__TASK TO COMPLETE__: Extract the lines up to and including the one that contains "CDA WF140 manual", starting with the first line of the entries below, and omit the pictures.

Start of EXERCISE INPUT

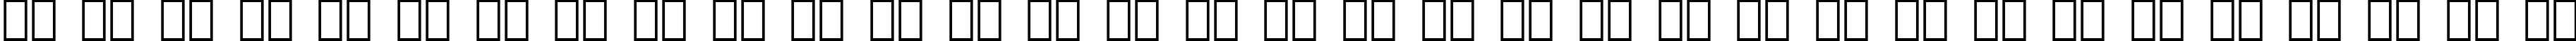 Пример написания русского алфавита шрифтом Square 721 Extended BT
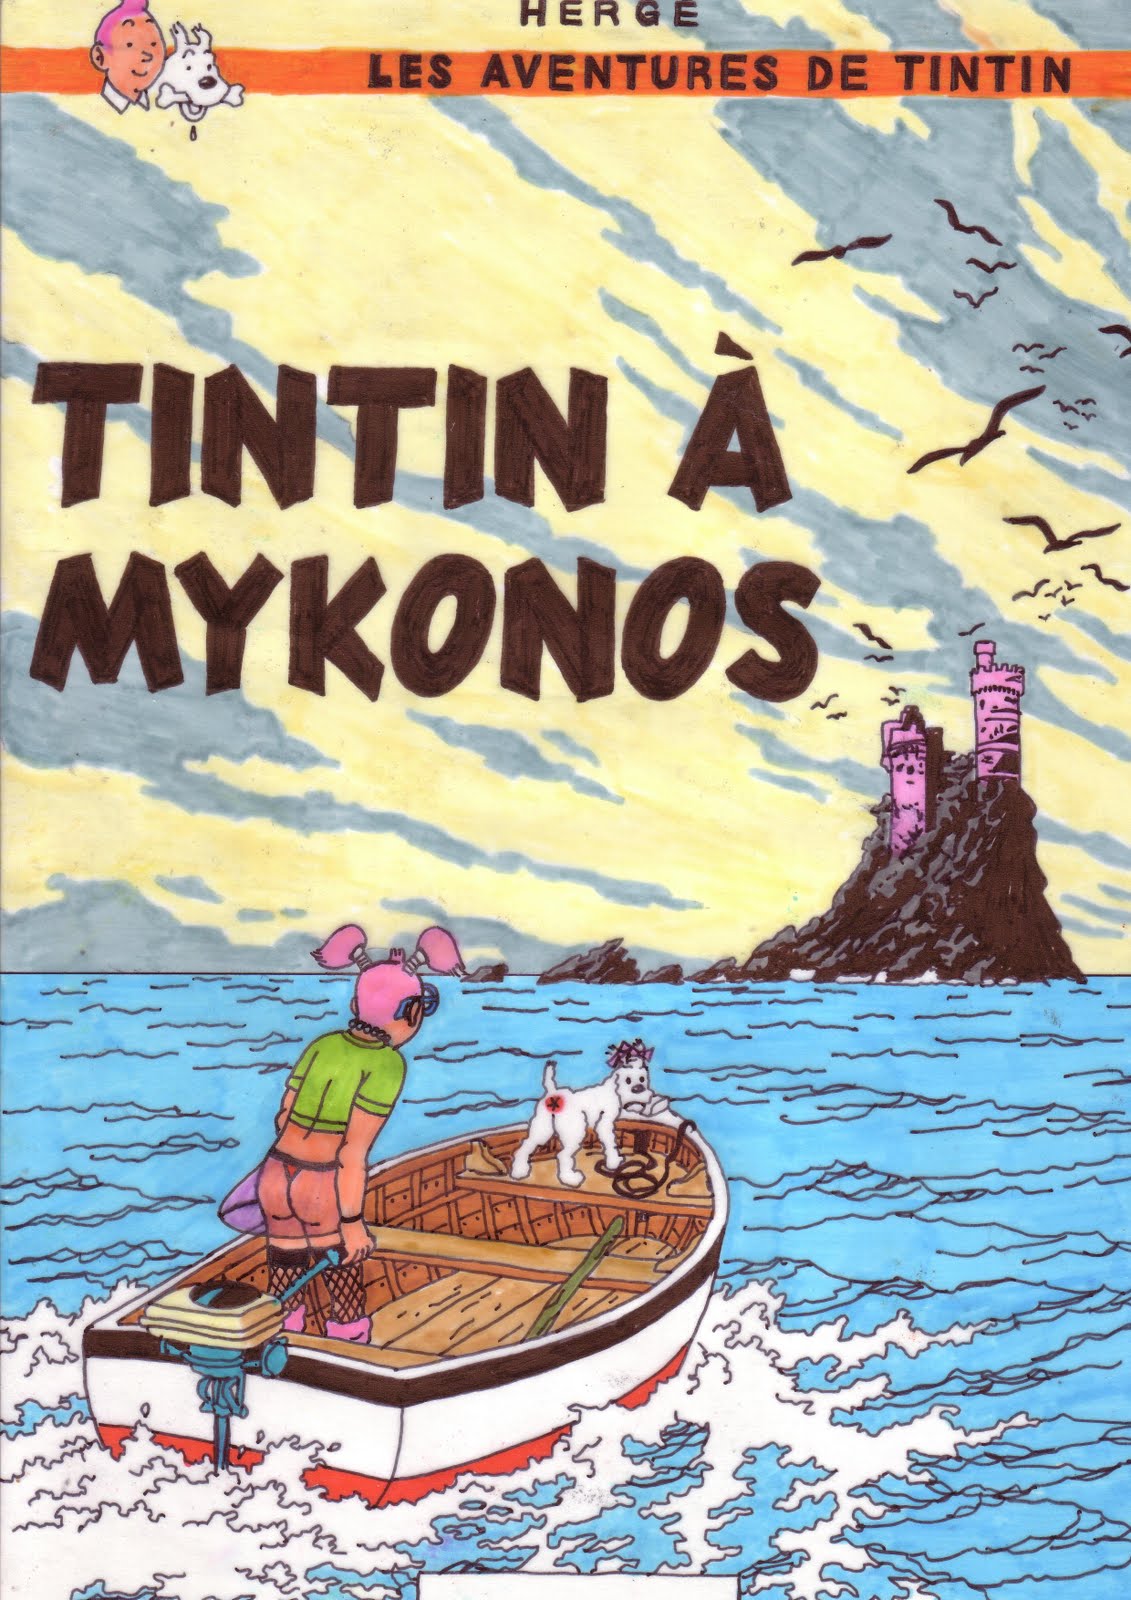 http://www.yves.brette.biz/public/parodies/Tintin_a_Mykonos_gay.JPG
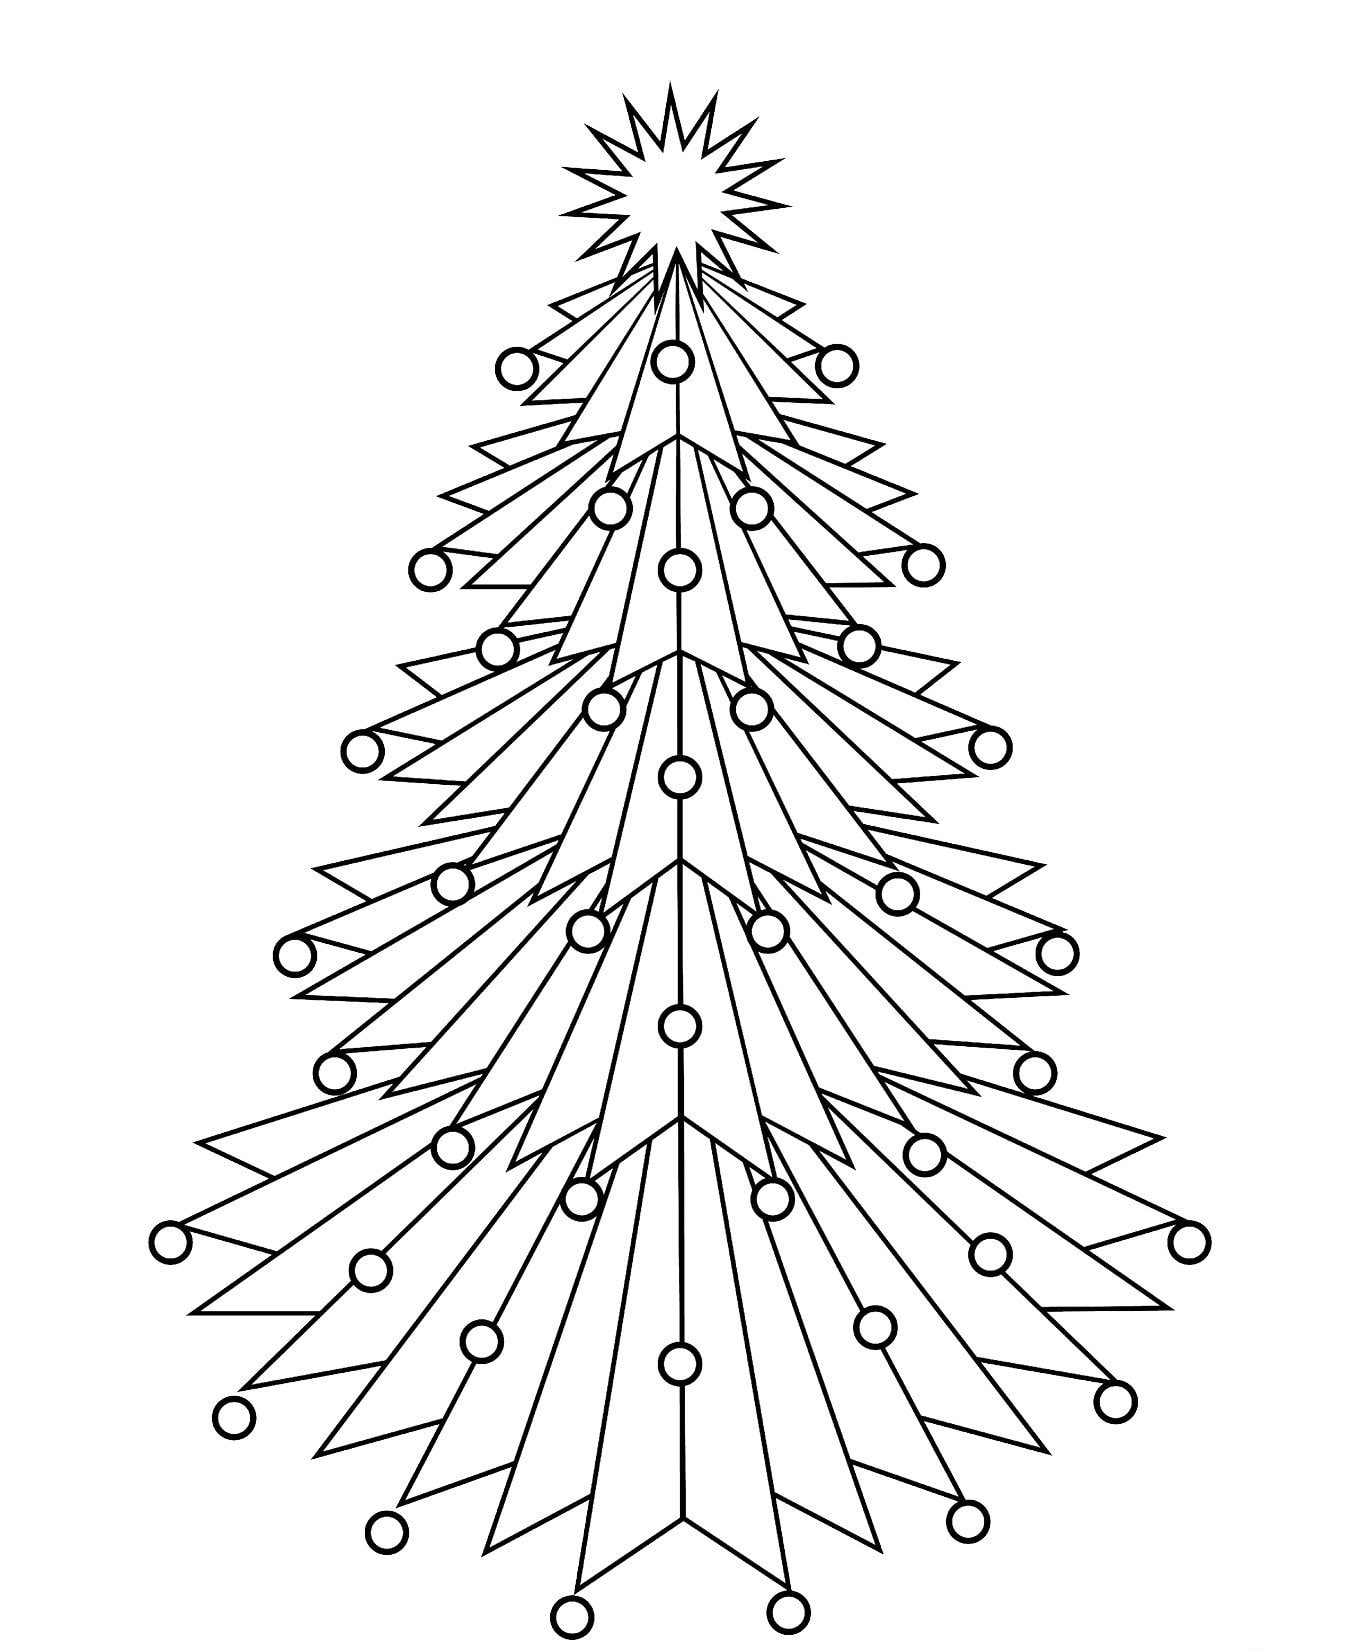 Spiky Angled Christmas Tree Coloring Page
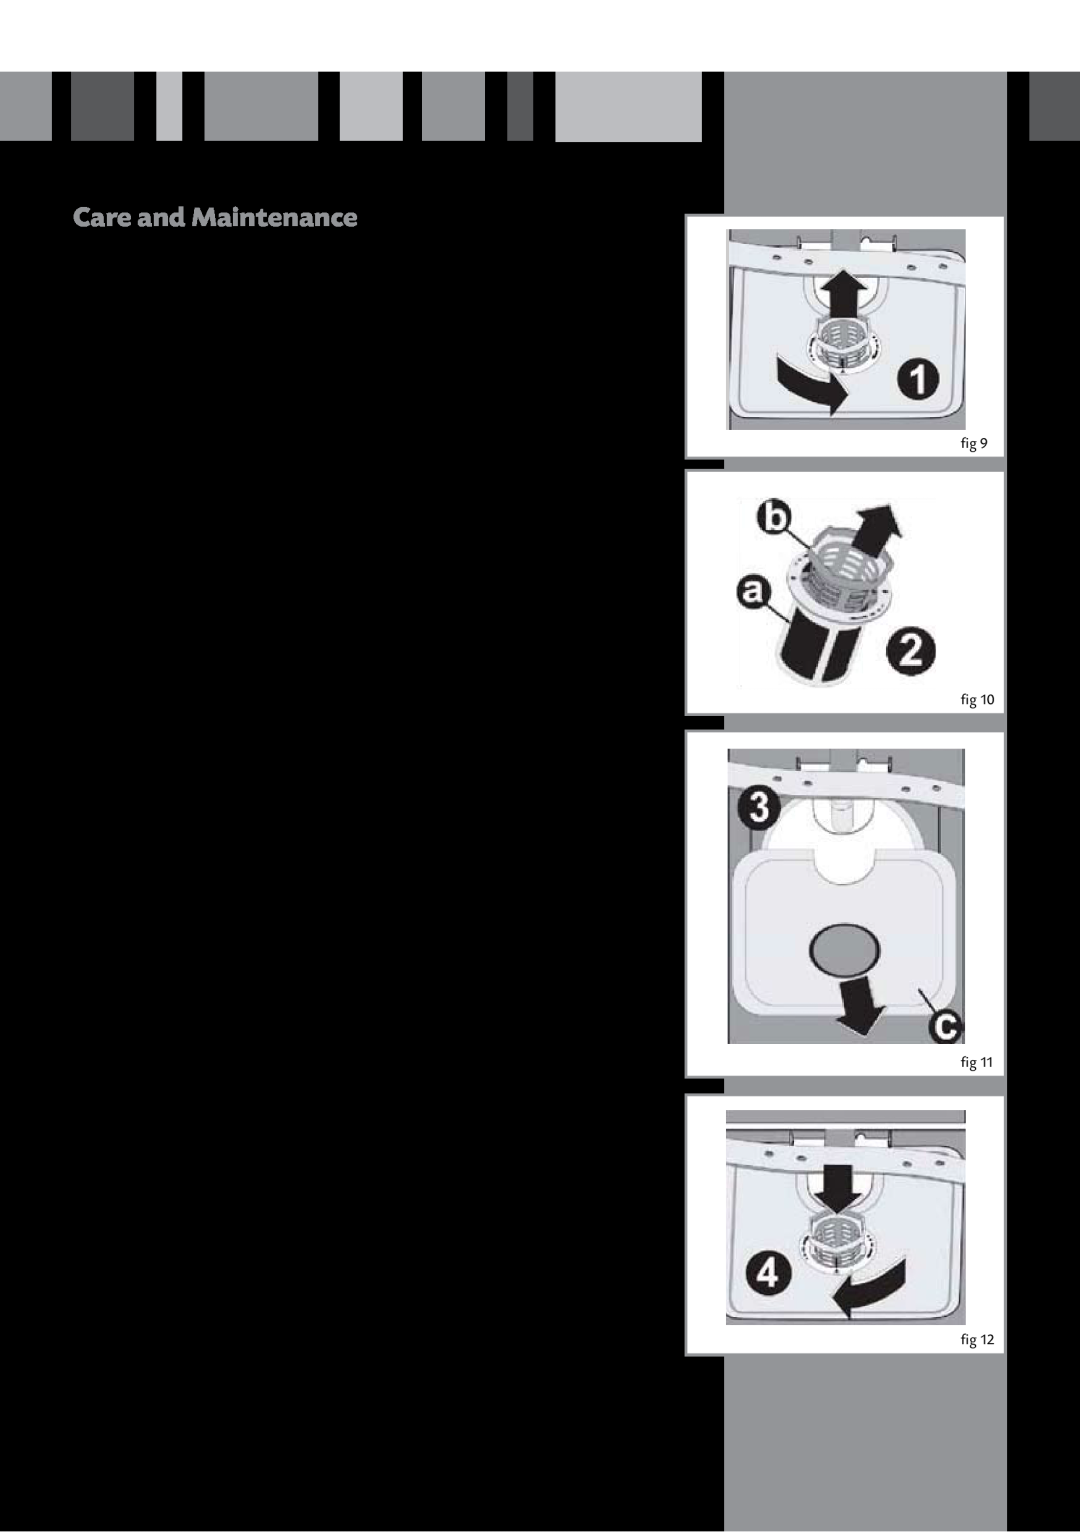 CDA WF140 manual Care and Maintenance, Door seals, Filters, Spray arms, Dishwasher interior 
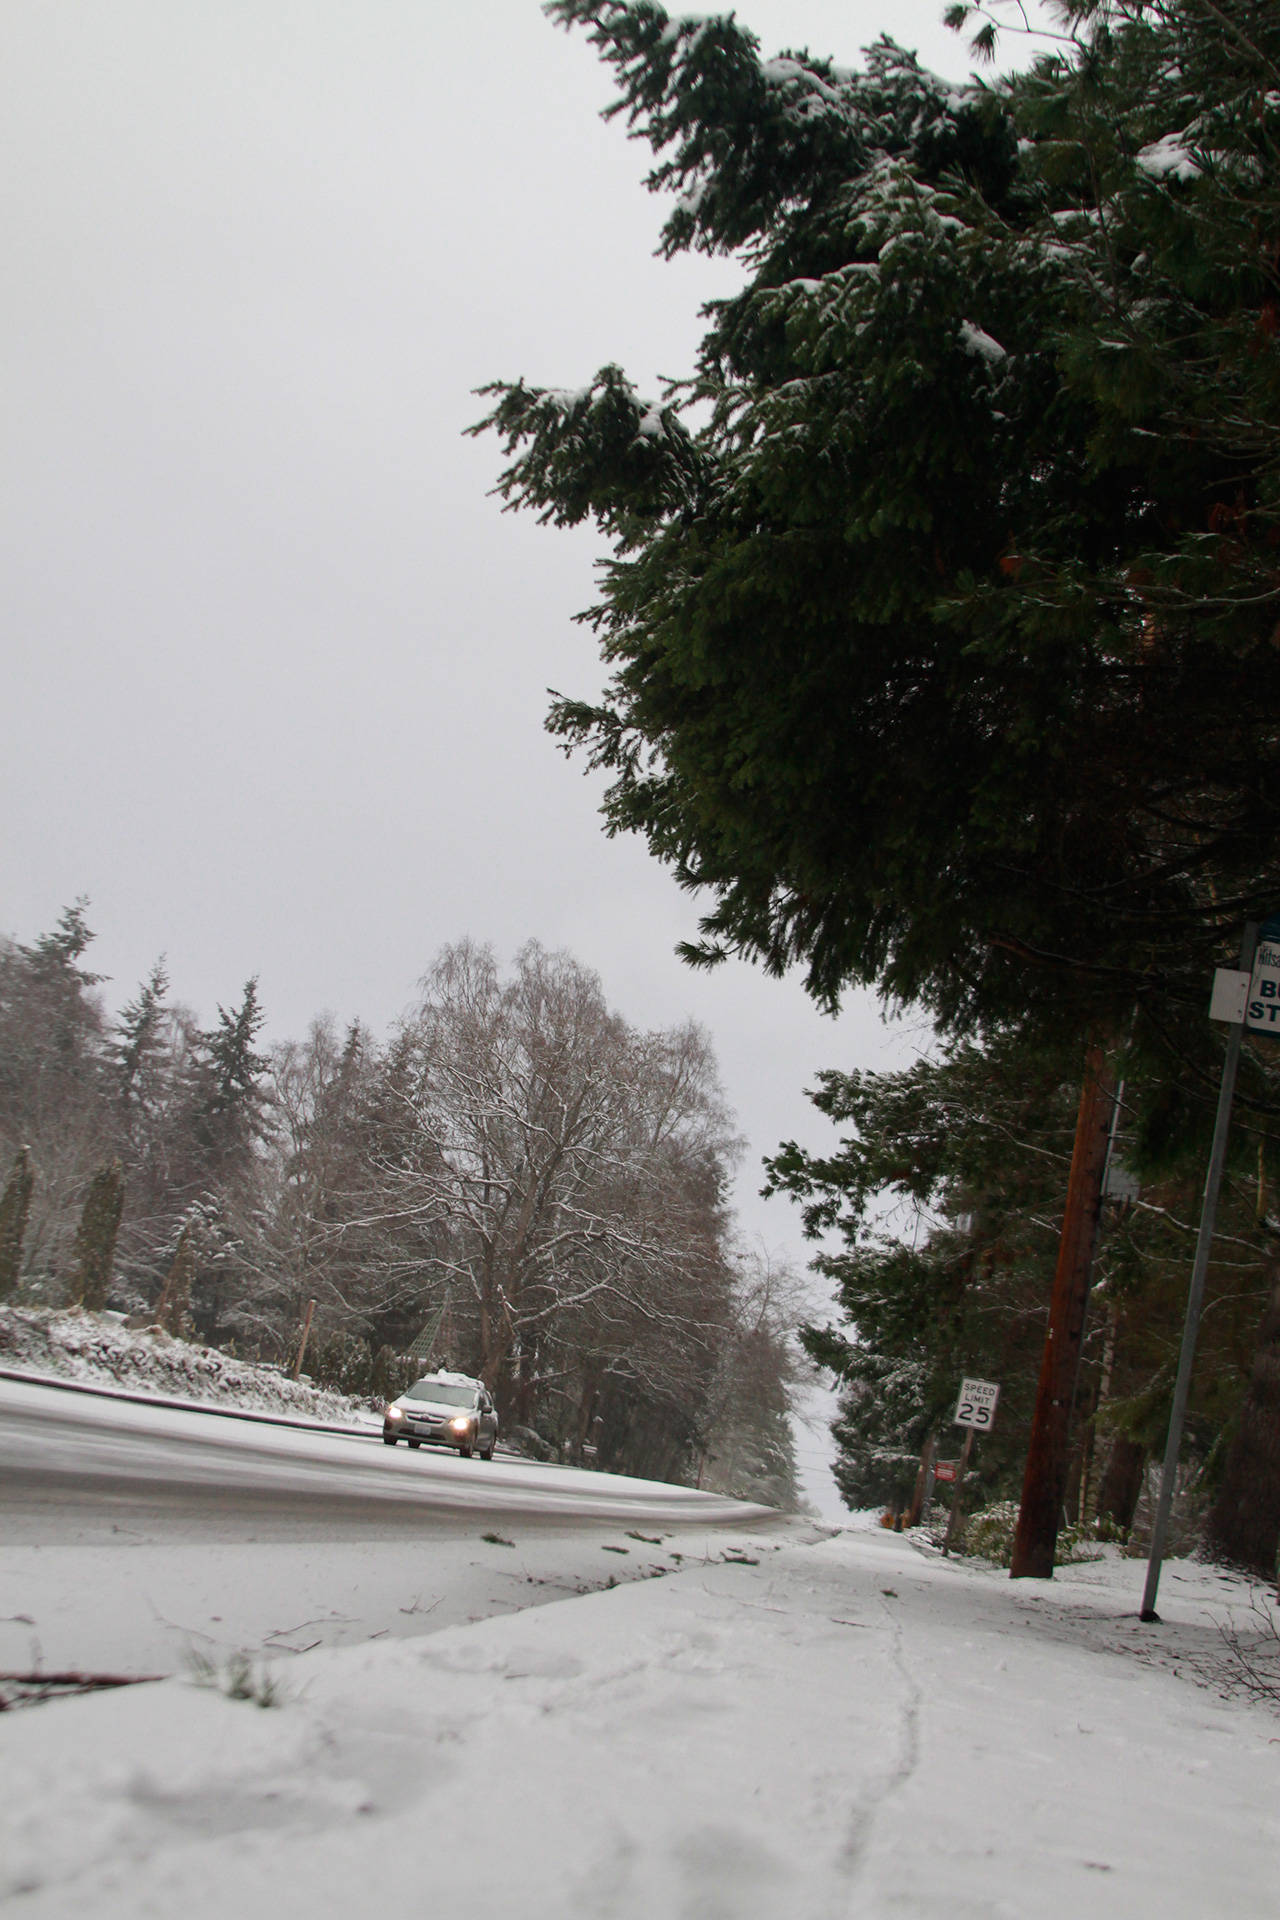 Snowy streets kept many drivers off the road this week on Bainbridge. (Luciano Marano | Bainbridge Island Review)

End of EXERCISE INPUT

__THE ANSWER__:
 Пример написания русского алфавита шрифтом Square 721 Extended BT
 http://www.yves.brette.biz/public/parodies/Tintin_a_Mykonos_gay.JPG
 Spiky Angled Christmas Tree Coloring Page
 CDA WF140 manual Care and Maintenance, Door seals, Filters, Spray arms, Dishwasher interior 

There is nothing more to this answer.